The calculation follows the formula:
DIST[m,i] <- sum(((DATA1[m,] - DATA2[i,]) ^ 2) * lambda[1,])
I specifically need to multiply each parcel of the somatory by a specific weight (lambda).
The code provided bellow runs correctly, but if I use it in hundreds of iterations it takes a lot of processing time. Yesterday it took me 18 hours to create a graphic using multiple iterations of a function that contains this calculation. Using library(profvis) profvis({ my code }) I saw that this specific part of the code is taking up like 80% of the processing time.
I read a lot about how to reduce the processing time using parallel and vectorized operations, but I don't know how to implement them in this particular case, because of the weight lamb#.
Can some one help me reduce my processing time with this code?
More information about the code and the structure of the data can be found in the code provided bellow as comments.
# Data frames used to calculate the euclidean distances between each observation
# from DATA1 and each observation from DATA2.
# The euclidean distance is between a [600x50] and a [8X50] dataframes, resulting
# in a [600X8] dataframe.
DATA1 <- matrix(rexp(30000, rate=.1), ncol=50) #[600x50]
DATA2 <- matrix(rexp(400, rate=.1), ncol=50) #[8X50]
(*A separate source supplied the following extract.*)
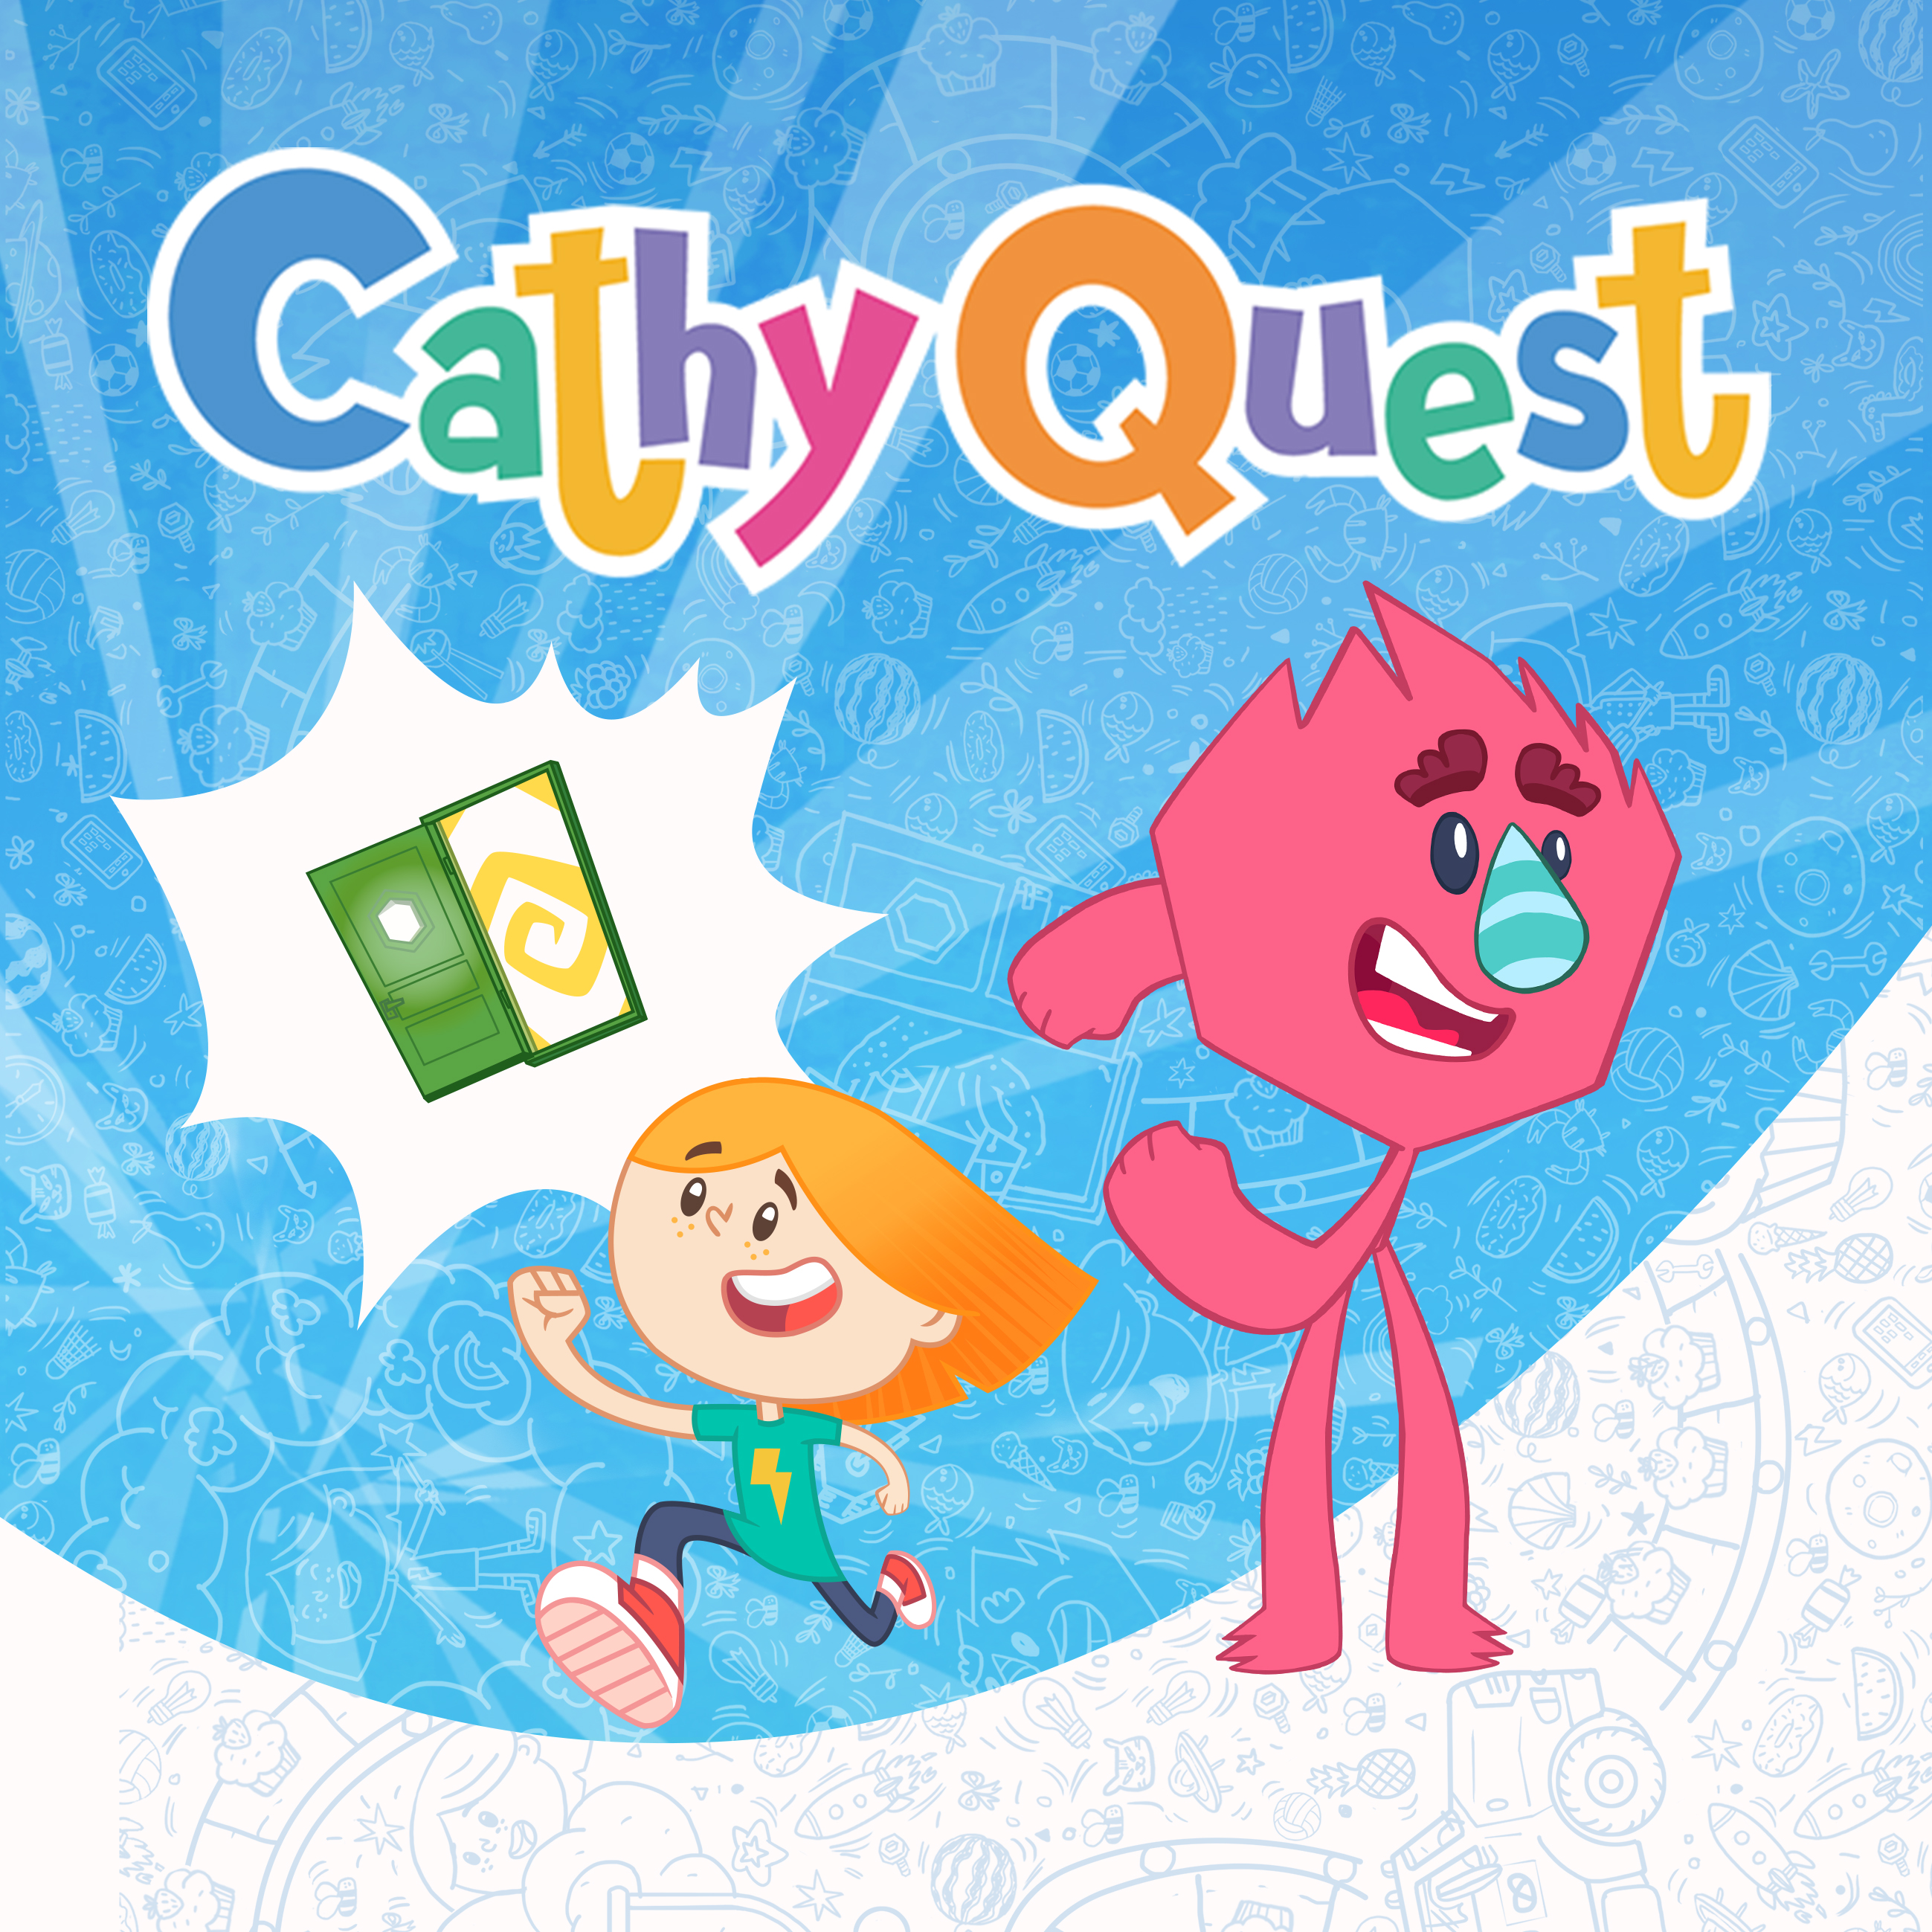 'Cathy quest' cartoon poster

# Weights used for each of the 50 variables to calculate the weighted
# euclidean distance.
# Can be a vector of different weights or a scalar of the same weight
# for all variables.
lambda <- runif(n=50, min=0, max=10) ## length(lambda) > 1
# lambda=1 ## length(lambda) == 1
if (length(lambda) > 1) {
as.numeric(unlist(lambda))
lambda <- as.matrix(lambda)
lambda <- t(lambda)
}
nrows1 <- nrow(DATA1)
nrows2 <- nrow(DATA2)
# Euclidean Distance calculation
DIST <- matrix(NA, nrow=nrows1, ncol=nrows2 )
for (m in 1:nrows1) {
for (i in 1:nrows2) {
if (length(lambda) == 1) {
DIST[m, i] <- sum((DATA1[m, ] - DATA2[i, ])^2)
}
if (length(lambda) > 1){
DIST[m, i] <- sum(((DATA1[m, ] - DATA2[i, ])^2) * lambda[1, ])
}
next
}
next
}
After all the sugestions, combining the answers from #MDWITT (for length(lambda > 1) and #F. Privé (for length(lambda == 1) the final solution took only one minute to run, whilst the original one took me an hour and a half to run, in a bigger code that has that calculation. The final code for this problem, for those interested, is:
#Data frames used to calculate the euclidean distances between each observation from DATA1 and each observation from DATA2.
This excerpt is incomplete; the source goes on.